:: INFORMATION PROVIDED ::

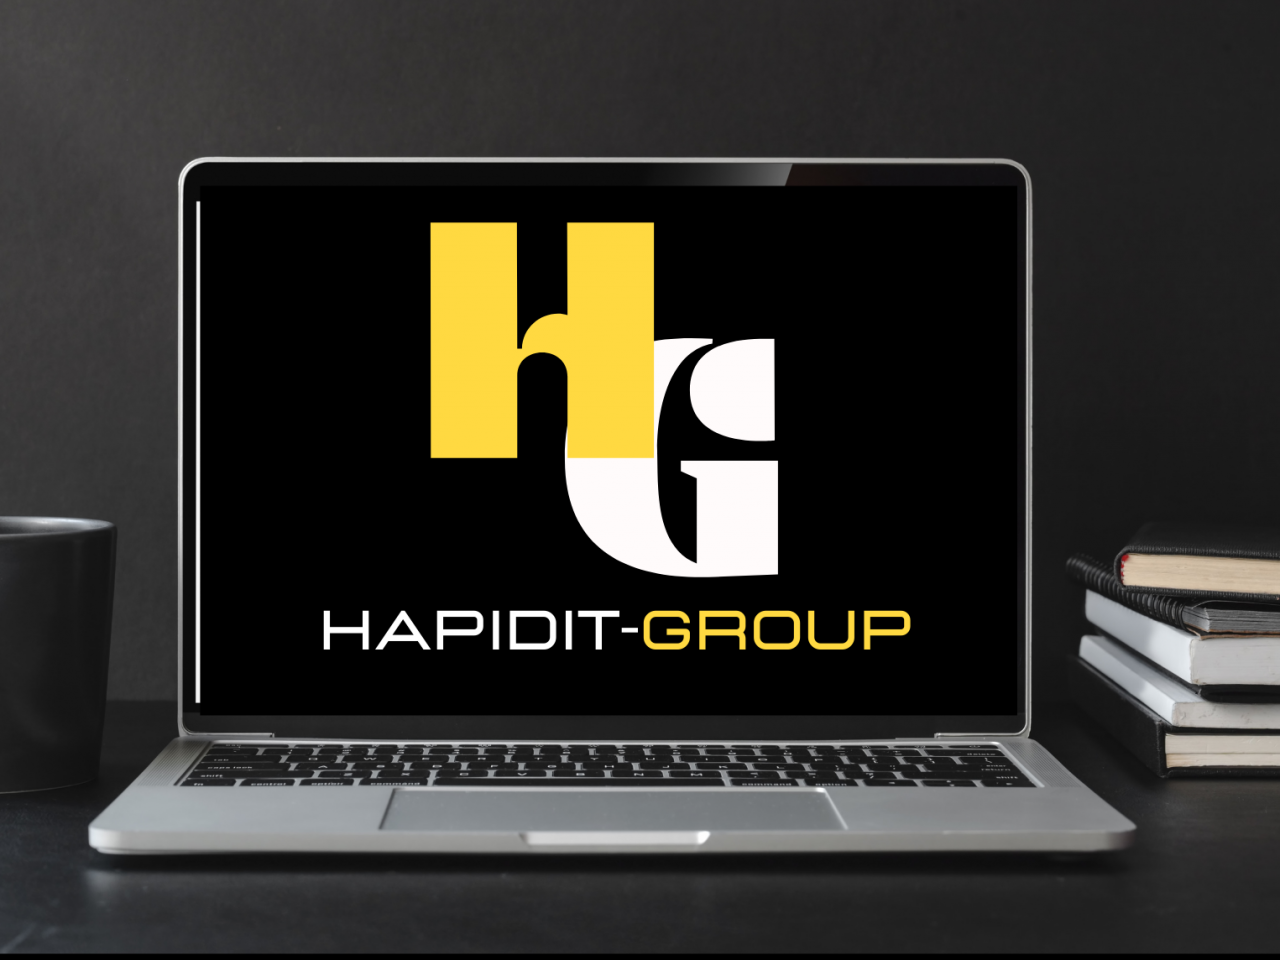 https://hapiditgroup.co/wp-content/uploads/2021/03/digital-1280x960.png
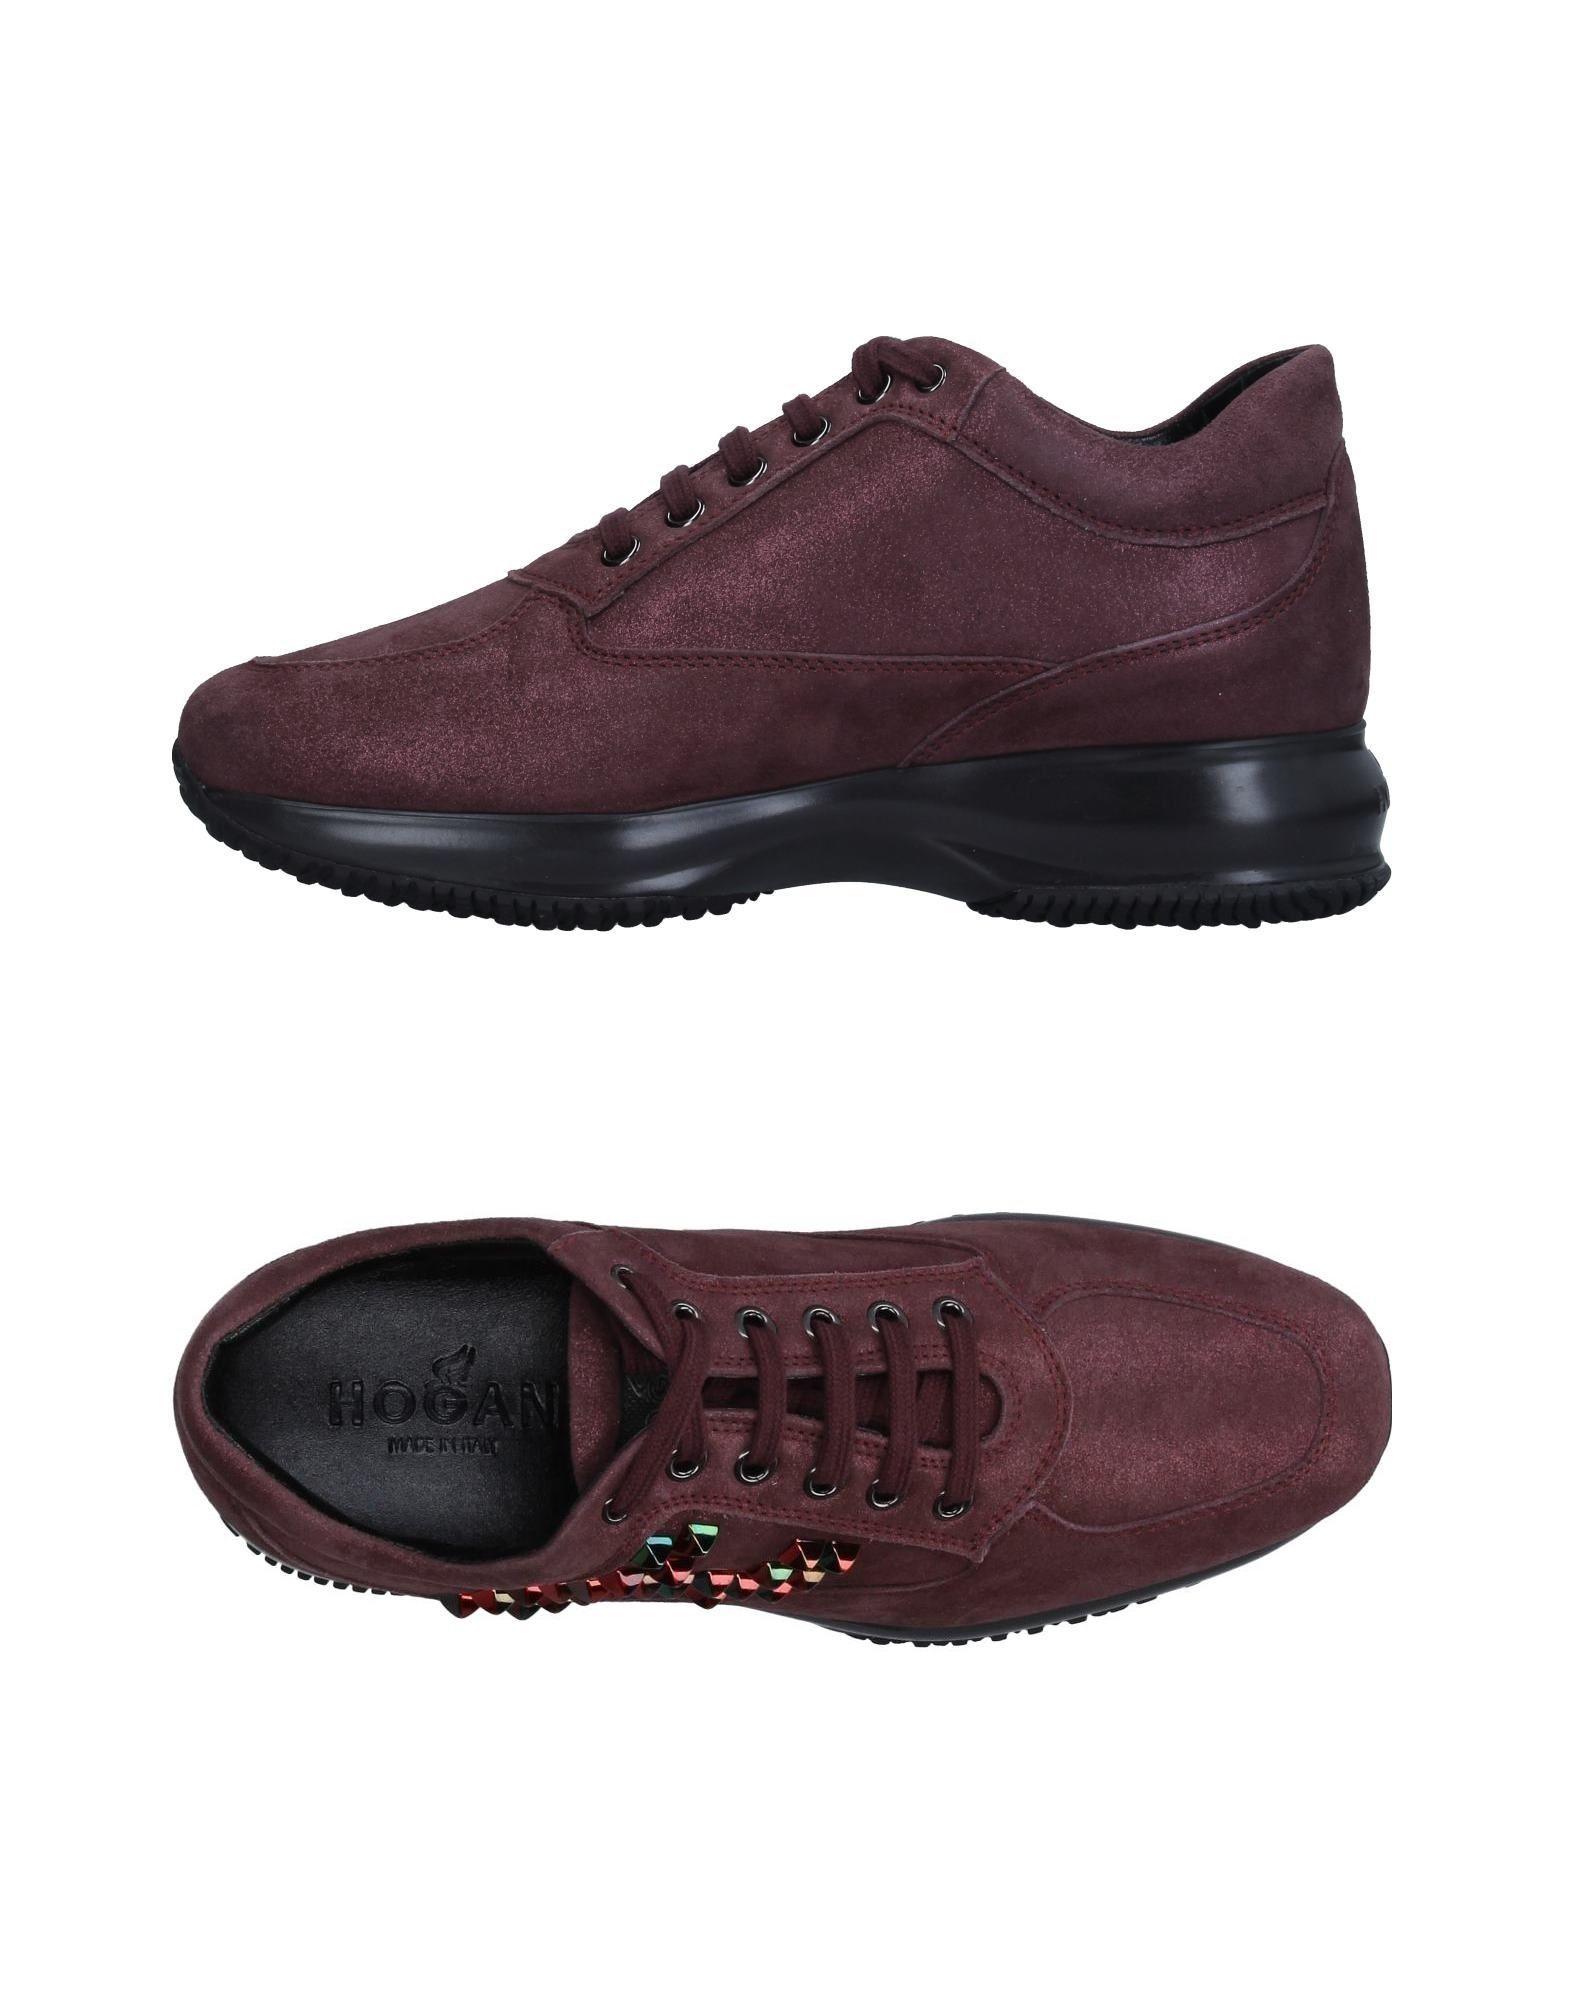 Hogan Sneakers Damen  11299118JWGut aussehende strapazierfähige Schuhe
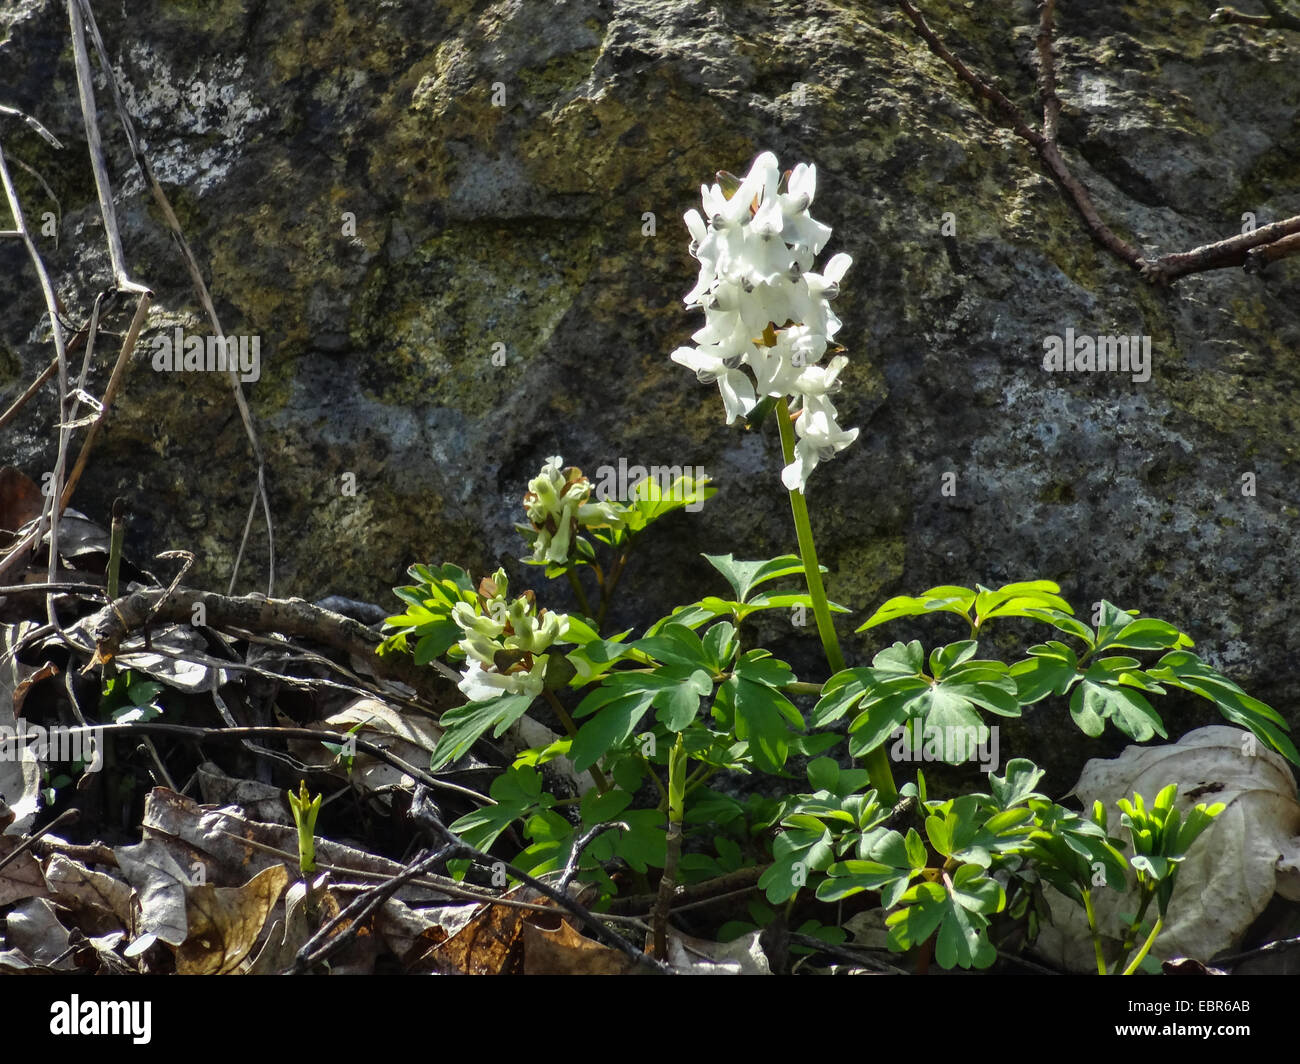 bulbous corydalis, fumewort (Corydalis cava), blooming in white, Germany, Hesse, Gudensberg - Stock Image
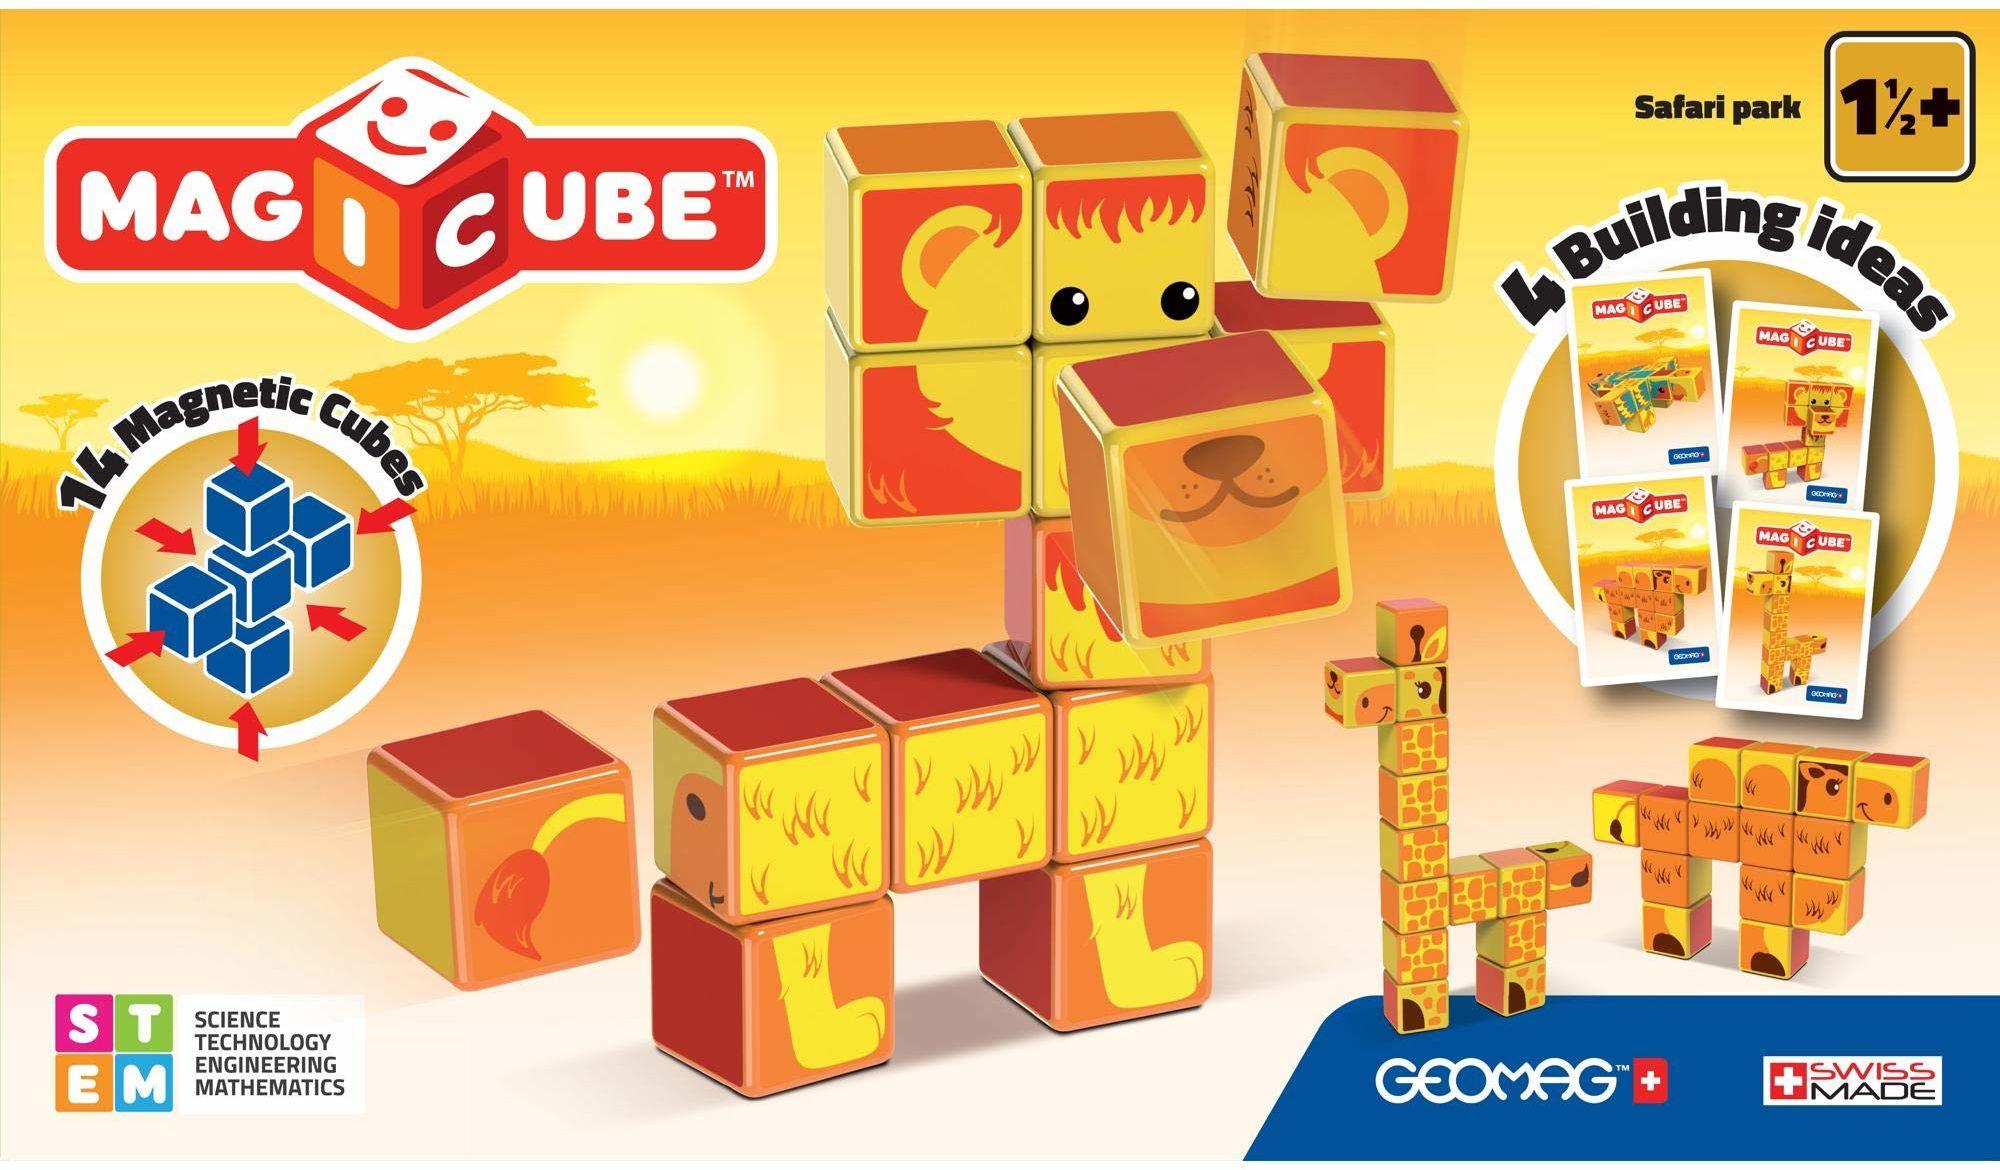 Geomag- Safari Park Magicube Magnetic Cubes, wielokolorowe, PF.331.135.00

:: WHAT IS EXPECTED ::
Starting with the line that holds "bulbous corydalis, fumewort", reproduce exactly each line up to and including the last line of the material above, and drop the pictures.

:: REPLY ::
 bulbous corydalis, fumewort (Corydalis cava), blooming in white, Germany, Hesse, Gudensberg - Stock Image
 Geomag- Safari Park Magicube Magnetic Cubes, wielokolorowe, PF.331.135.00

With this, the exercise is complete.